## Saturday, July 19, 2014

### A Fourth Math Lesson: Equation of a Line

Equation of a Line

y = mx + b

That’s it.  The end.

Well, okay.  There’s more to it than that.  But not much.  It’s pretty simple.

In this equation, (x,y) is any point on that line.  Any of them.  Pick any point, plug it into this equation, and it will work.  The left side will equal the right side.  Really.  It’s like magic.  Pretty cool, huh?  Well, it doesn’t look cool right now, because you don’t know what m and b are.  But we’re gonna get to that, and when we do– BLAMMO coolness will ensue.  So brace yourself.

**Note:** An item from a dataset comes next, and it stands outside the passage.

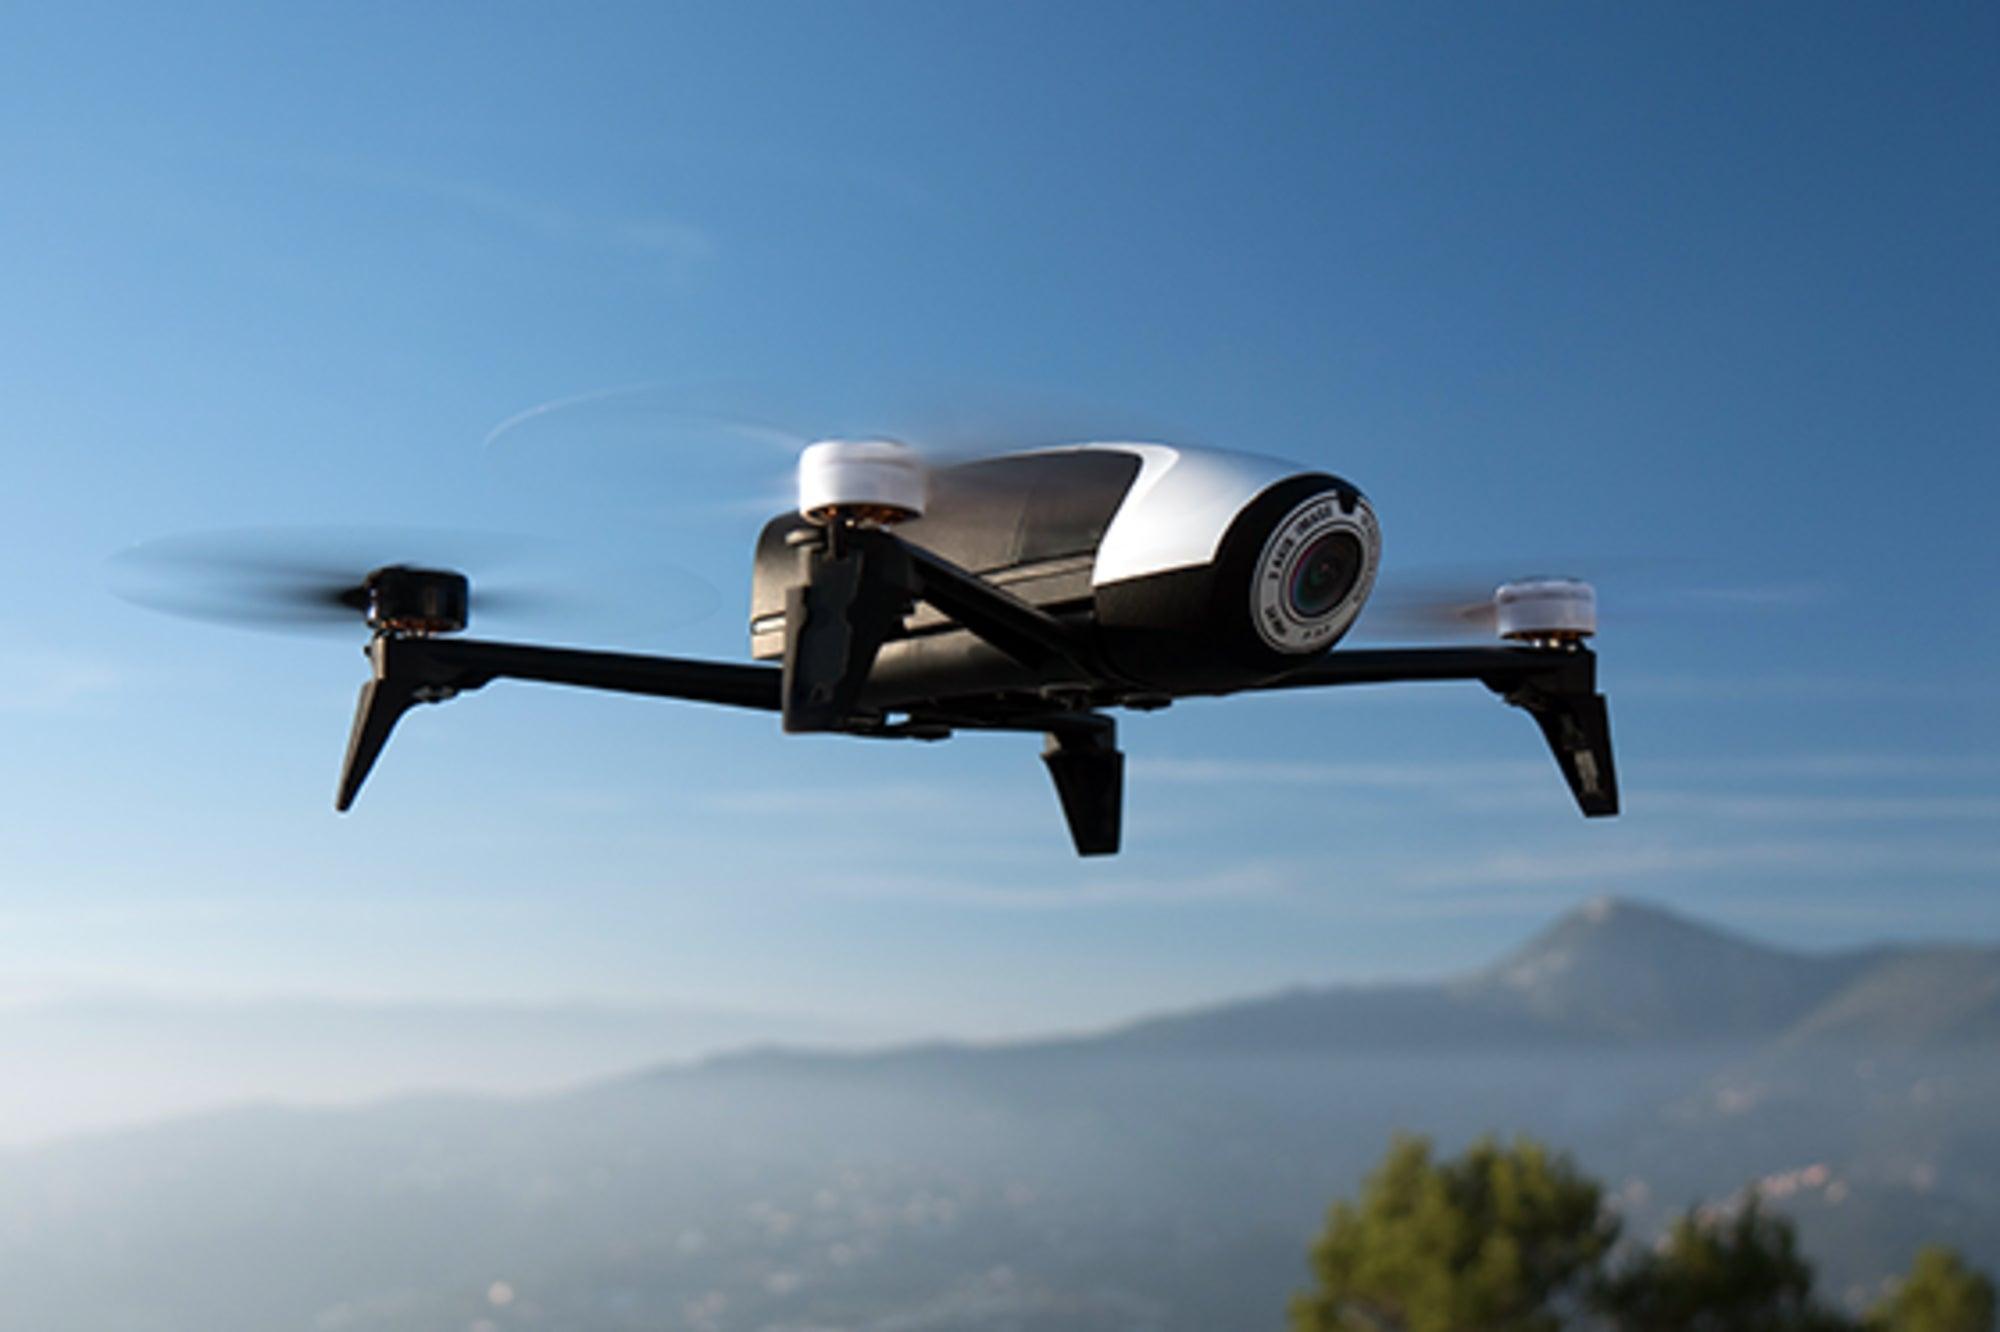 Parrot Announces Bebop 2 Drone

“m” is the slope of the line.  That slope determines the way the line slopes.  If it slopes like this: / , then m is a positive number.  If it slopes like this: \, then m is a negative number.  Kinda cool, right?  See, I told ya.
“b” is the y intercept.  Huh?  What’s that?  Well, that’s where the line crosses the y axis in our graph.  If the line crosses the y axis above the origin, then it will be +b.  If it crosses the y axis below the origin, then it will be –b.  Simple as that.

So here’s an equation for a line:

y = 6x -7

We know just from looking at it, that the slope of our line is 6 and that our line crosses the y axis  below the origin at -7.  We even know from the fact that it’s a positive 6 that the line will slope this way:   /
You can see if a line passes through the origin by doing one simple thing.  If a line passes through the origin, then it contains the point (0,0) right?  Right.  Cuz that’s the origin.  So plug (0,0) into an equation for a line and see if it’s true.  If it is, then BLAMMO.  It passes through the origin.  If not, then WAH-WAHHH.  No go.

Try it on this one:

Y = 3x -8

And this one:

Y = -6x + 9

And this one:

Y = 12x -100

Now try this one:

Y = 18x

Ah ha!  See?  That one goes through the origin.  Can you see why, just by looking at it?  Of course you can.  Cuz you’re smart.  y = 18x is really y = 18x + 0 in disguise.  And in that line, 18 is the slope and 0 is the y-intercept.  Makes sense, doesn’t it?  If the line goes through the origin, then it intercepts the y axis at 0.  Duh.  You’re welcome.

Sometimes an equation for a line will look like this:

4x + 2y = 0

Do not be fooled.  Sure, it doesn’t look like our good friend y = mx + b, but all it takes is a little manipulation and it will.

Remember how we learned how to isolate a variable?  Well, in y =  mx + b, y is the variable that’s isolated.  It’s all by itself in the room on the left.  Naked and everything.  So all we have to do is isolate y and we’ll have our old friend  Equation of a Line  back.
4x + 2y = 6
4x – 4x +2y = 6 - 4x
0+ 2y = 6  - 4x
2y = 6 – 4x
2y = 6 – 4x
2         2
y = 3 – 2x  or y = -2x + 3
So just by looking at y = -2x + 3, we can see that the line has a slope of -2 and it crosses the y axis at 3.  Speaking of the y intercept being 3, here’s another cool trick for ya.  Say you have an equation that’s not all purty and in the form of y = mx + b.  Say you want to figure out where it crosses the y axis, but you don’t want to go to all the trouble to put it in the form y = mx + b first.  Say you’re too impatient for that.  What’s a faster way of figuring that out?  Well watch this:
4x + 2y = 6
We know that wherever this line crosses the y axis, at that point where it crosses, x is going to equal 0.  So that point is going to look like (0, y) where y will be the y intercept, right?  Right!  So let’s plug 0 in for x in our equation and see what happens!  Yeah!  Do it!  Do it!  Do it!     Ahem.
4(0) + 2y = 6
0 + 2y = 6
2y = 6
2y = 6
2      2
Y = 3.    Yep!  3 is the y-intercept.  The line crosses the y-axis at 3.  Almost as easy as Pi.  Get it?  Pi?  Bahaha!